◆ Exercise ◆
When you write out the listing, keep each word exactly as it stands but include none of its images.

◆ Source data ◆

◇ ◇ ◇ ◇ ◇ ◇ ◇

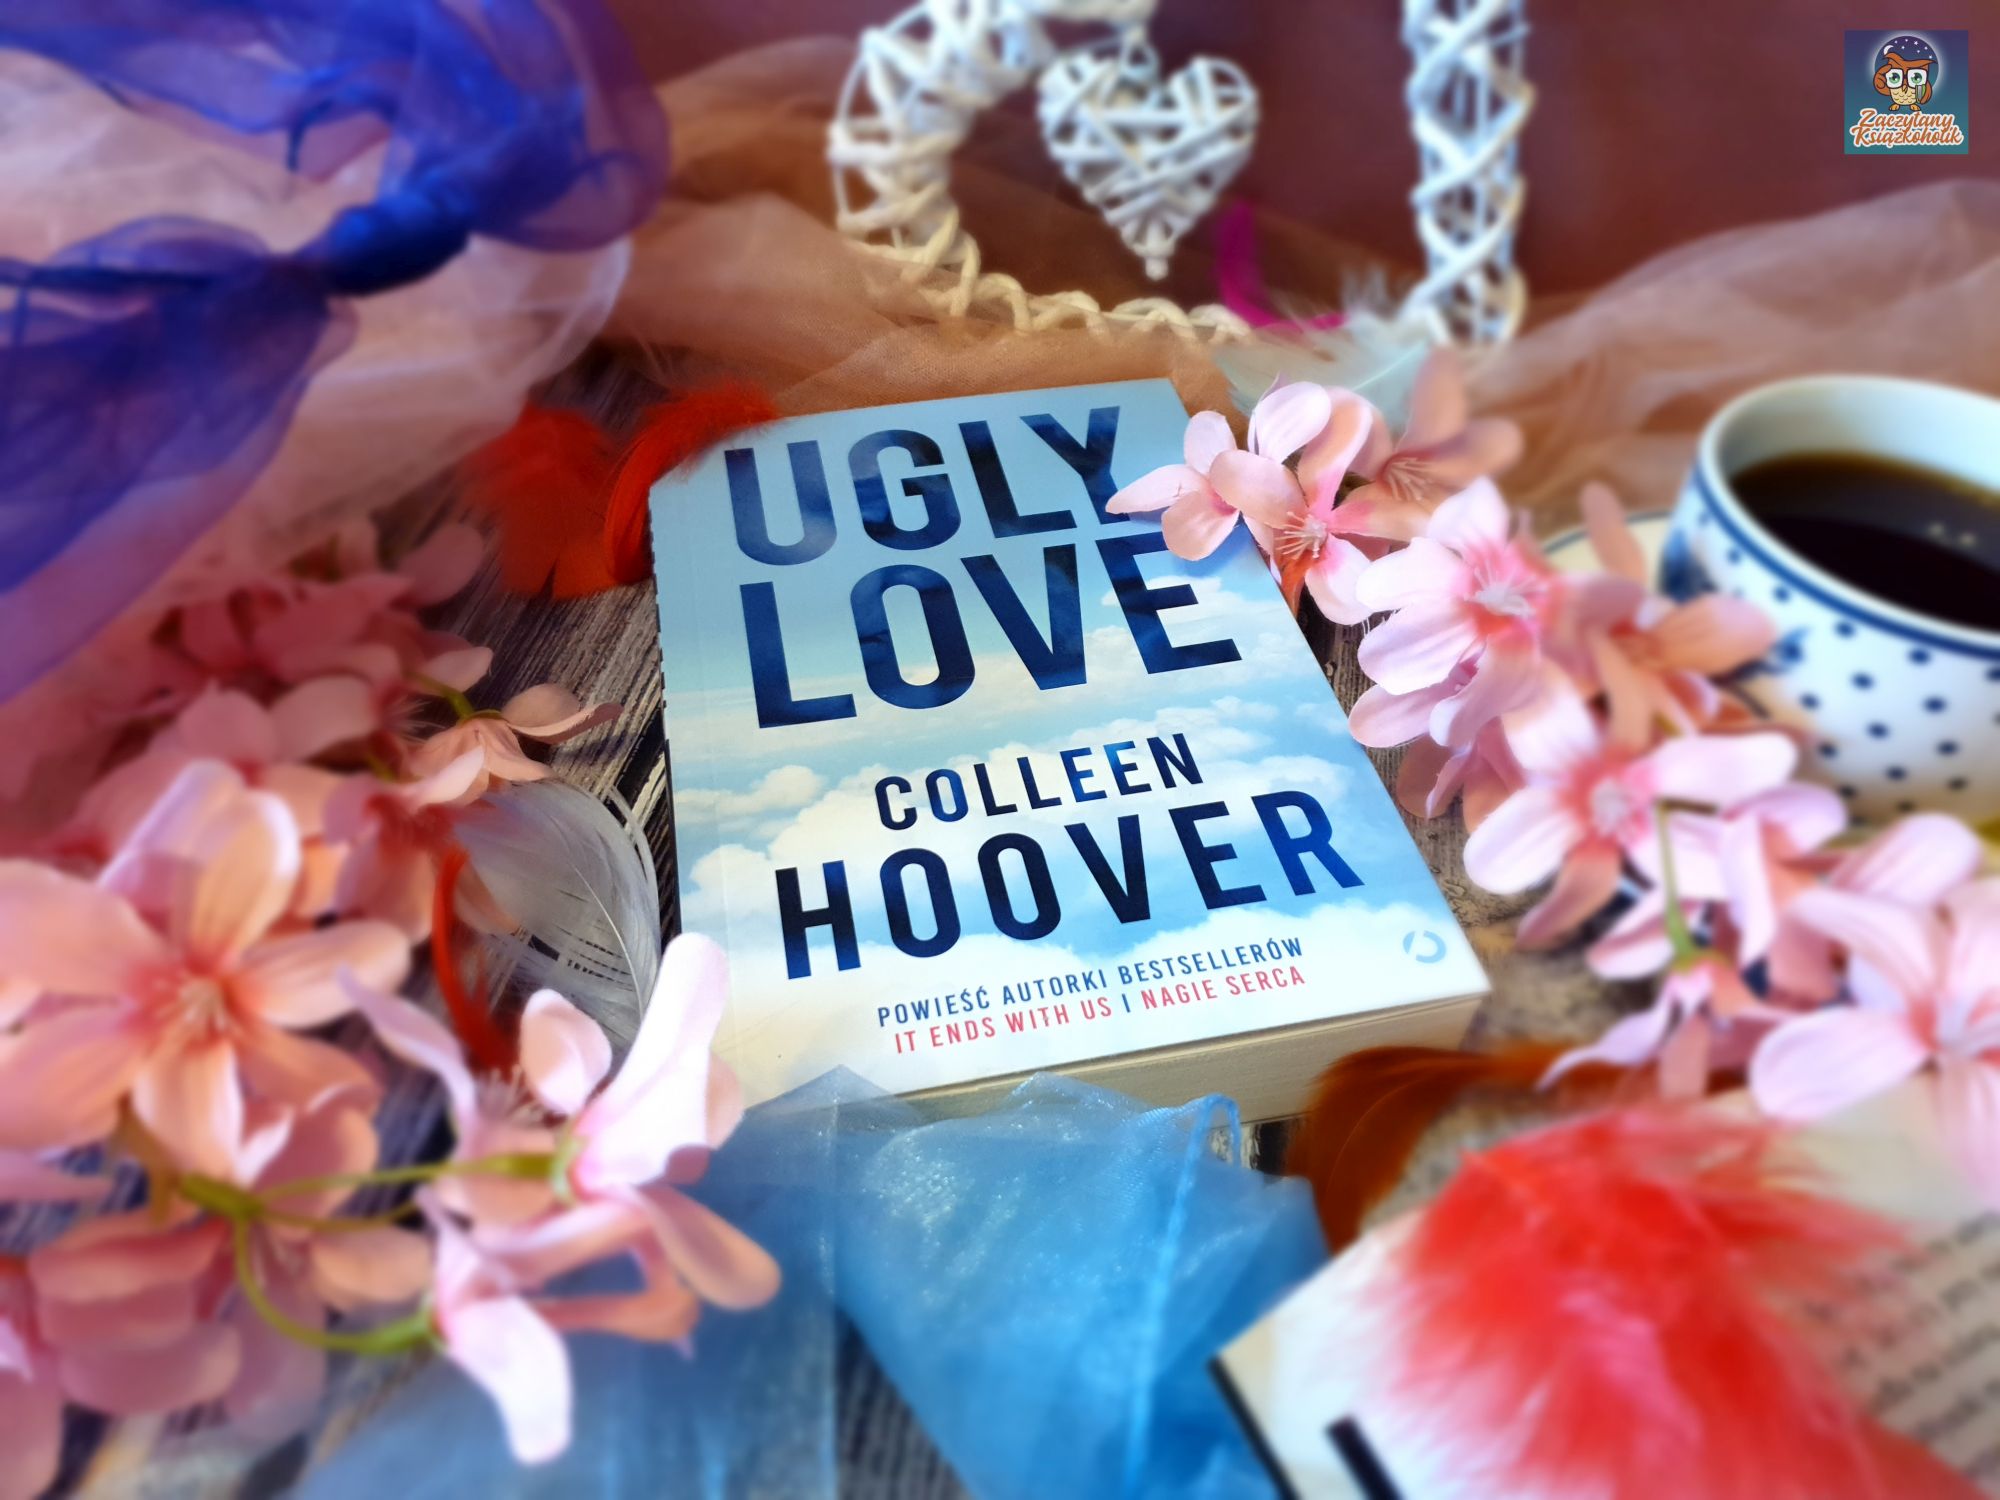 Ugly Love - Colleen Hoover - zaczytanyksiazkoholik.pl - blog
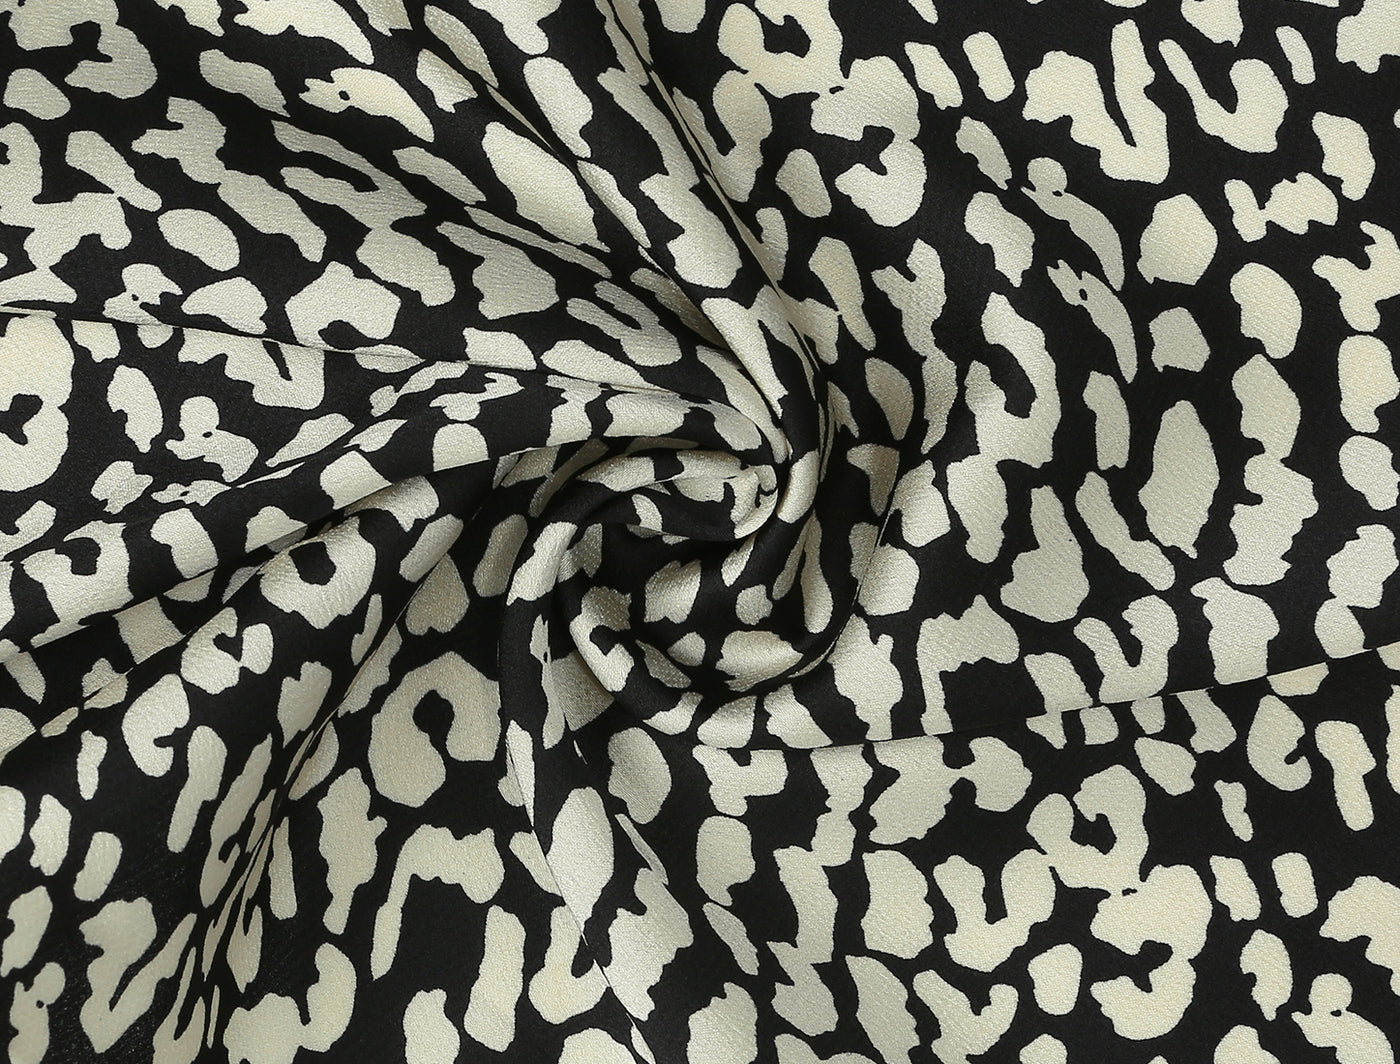 Allegra K Animal Print Leopard Rhombus Rhombic Neck Scarf Cheetah Bandana
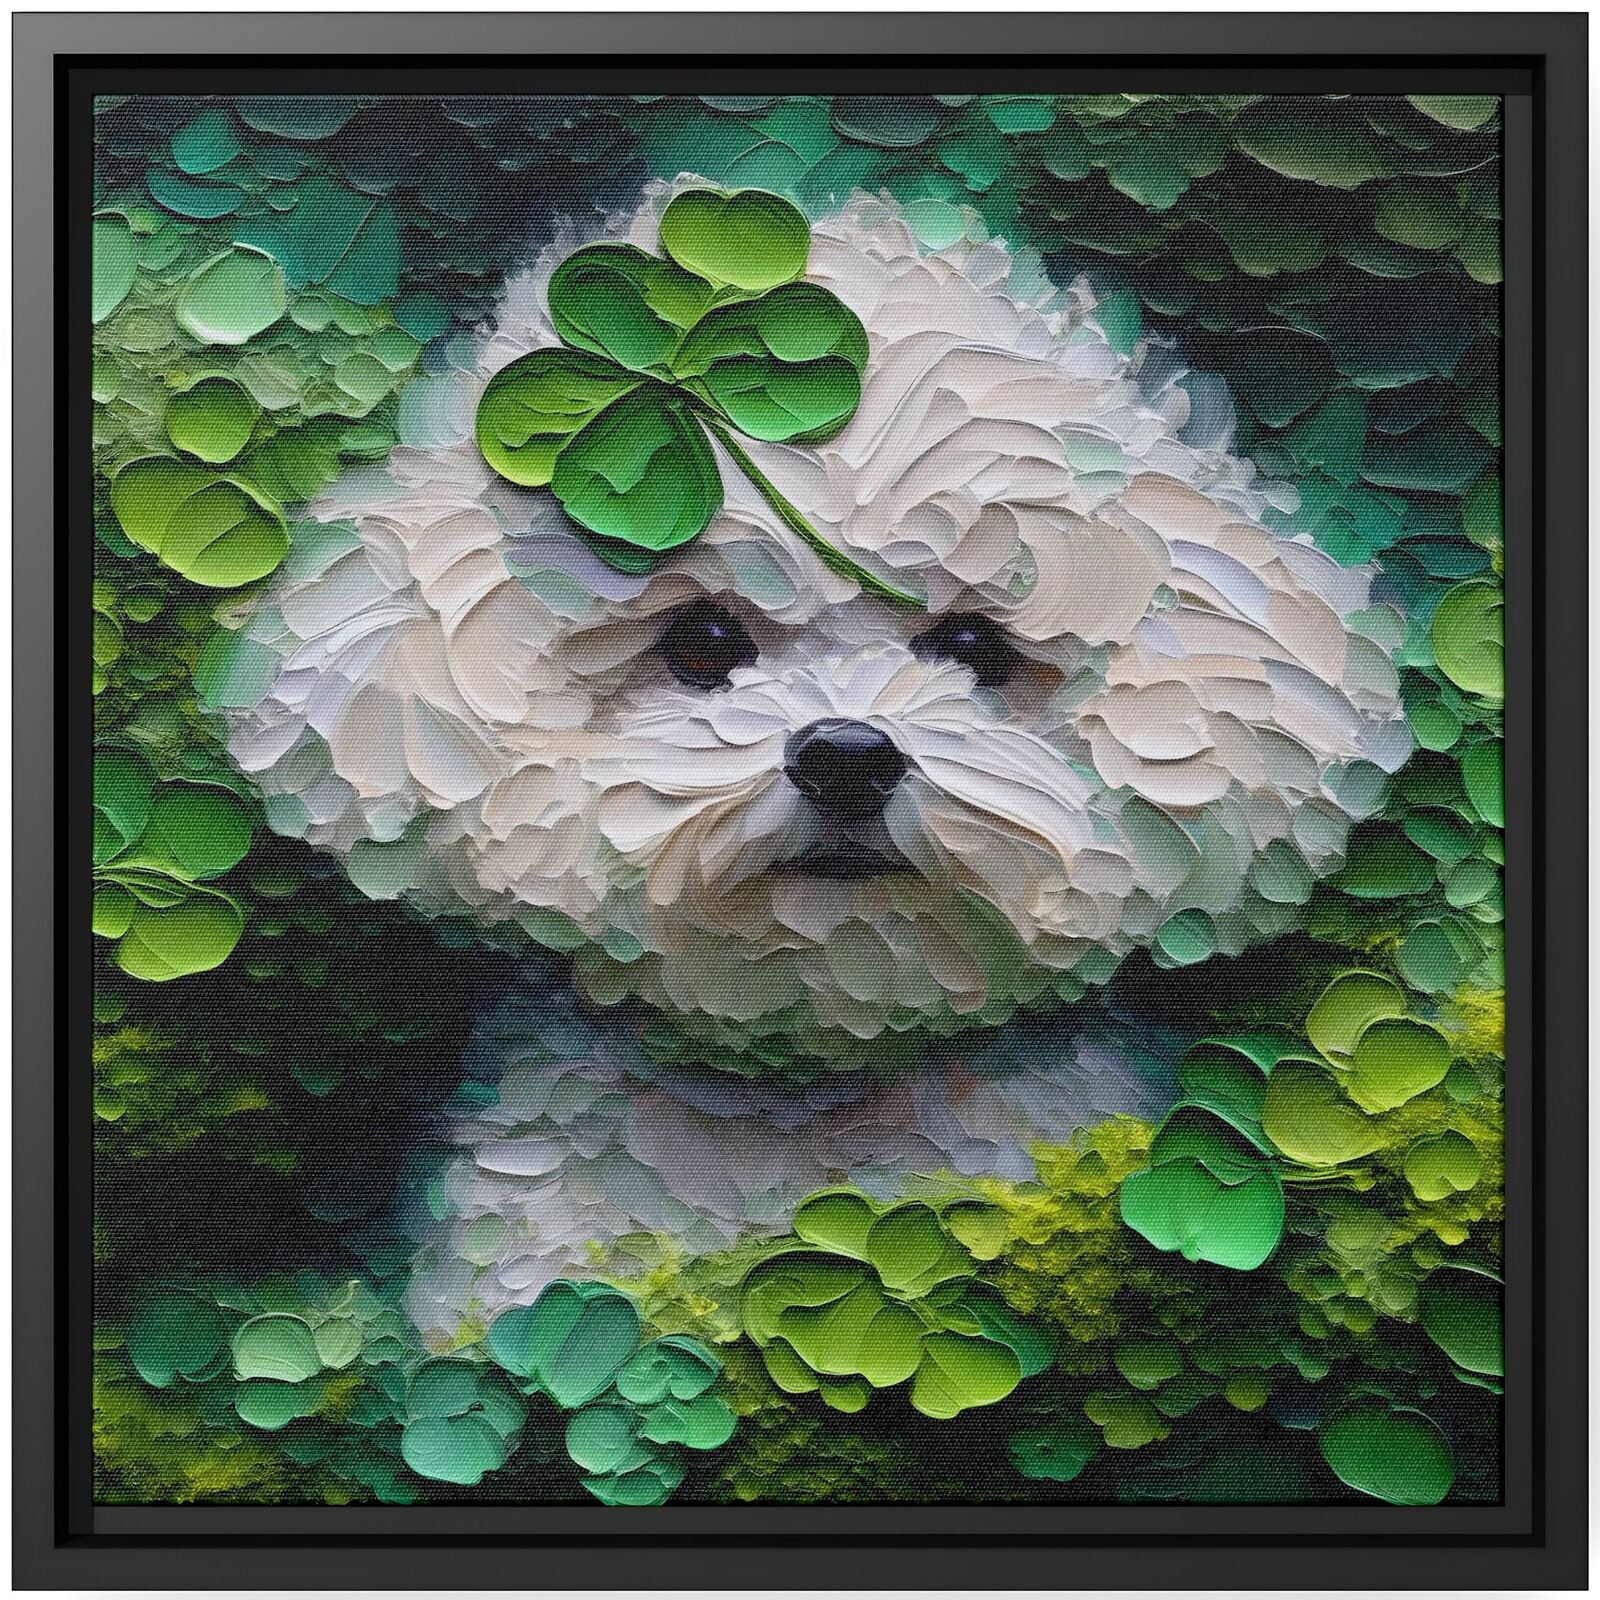 Wall Art Decor Canvas Print Oil Painting Dog Bichon Frise Irish Green Leaf

◇ ◇ ◇ ◇ ◇ ◇ ◇

◆ Answer for the task ◆
 Ugly Love - Colleen Hoover - zaczytanyksiazkoholik.pl - blog
 Allegra K Animal Print Leopard Rhombus Rhombic Neck Scarf Cheetah Bandana
 Wall Art Decor Canvas Print Oil Painting Dog Bichon Frise Irish Green Leaf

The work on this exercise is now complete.